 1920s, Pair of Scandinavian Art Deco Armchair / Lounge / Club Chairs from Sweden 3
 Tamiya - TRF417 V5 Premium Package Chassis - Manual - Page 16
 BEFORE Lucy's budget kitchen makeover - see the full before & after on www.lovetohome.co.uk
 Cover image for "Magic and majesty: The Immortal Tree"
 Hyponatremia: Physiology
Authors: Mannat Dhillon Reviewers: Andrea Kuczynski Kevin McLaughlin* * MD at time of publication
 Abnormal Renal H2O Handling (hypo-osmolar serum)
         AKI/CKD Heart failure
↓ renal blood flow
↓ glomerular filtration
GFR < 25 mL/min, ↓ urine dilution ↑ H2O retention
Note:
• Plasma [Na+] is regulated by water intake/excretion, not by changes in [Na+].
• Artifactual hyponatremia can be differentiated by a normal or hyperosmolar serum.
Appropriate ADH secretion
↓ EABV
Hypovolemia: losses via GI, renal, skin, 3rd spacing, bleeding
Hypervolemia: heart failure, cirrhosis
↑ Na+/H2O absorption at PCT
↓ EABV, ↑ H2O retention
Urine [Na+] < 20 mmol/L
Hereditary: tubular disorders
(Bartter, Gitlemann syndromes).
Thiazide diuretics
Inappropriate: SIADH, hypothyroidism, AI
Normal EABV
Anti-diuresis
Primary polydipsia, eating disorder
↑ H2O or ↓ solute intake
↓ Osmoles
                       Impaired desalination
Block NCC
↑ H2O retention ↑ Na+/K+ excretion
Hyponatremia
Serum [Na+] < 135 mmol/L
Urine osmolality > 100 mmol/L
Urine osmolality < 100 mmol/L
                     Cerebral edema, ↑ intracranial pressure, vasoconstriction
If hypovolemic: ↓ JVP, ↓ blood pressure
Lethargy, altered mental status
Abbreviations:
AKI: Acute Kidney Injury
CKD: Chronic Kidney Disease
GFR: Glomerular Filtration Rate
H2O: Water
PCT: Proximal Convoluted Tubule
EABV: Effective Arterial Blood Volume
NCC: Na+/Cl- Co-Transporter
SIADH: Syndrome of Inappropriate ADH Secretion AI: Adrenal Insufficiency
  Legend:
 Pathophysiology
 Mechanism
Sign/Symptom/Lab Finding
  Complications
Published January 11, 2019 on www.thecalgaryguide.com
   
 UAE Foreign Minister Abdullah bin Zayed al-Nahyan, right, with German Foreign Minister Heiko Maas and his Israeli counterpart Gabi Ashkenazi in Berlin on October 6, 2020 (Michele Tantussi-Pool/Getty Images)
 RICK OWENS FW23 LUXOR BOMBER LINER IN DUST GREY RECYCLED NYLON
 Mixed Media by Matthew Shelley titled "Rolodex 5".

--- Assigned task ---
Copy each line of the listing that holds the word "excretion".

--- Written reply ---
• Plasma [Na+] is regulated by water intake/excretion, not by changes in [Na+].
↑ H2O retention ↑ Na+/K+ excretion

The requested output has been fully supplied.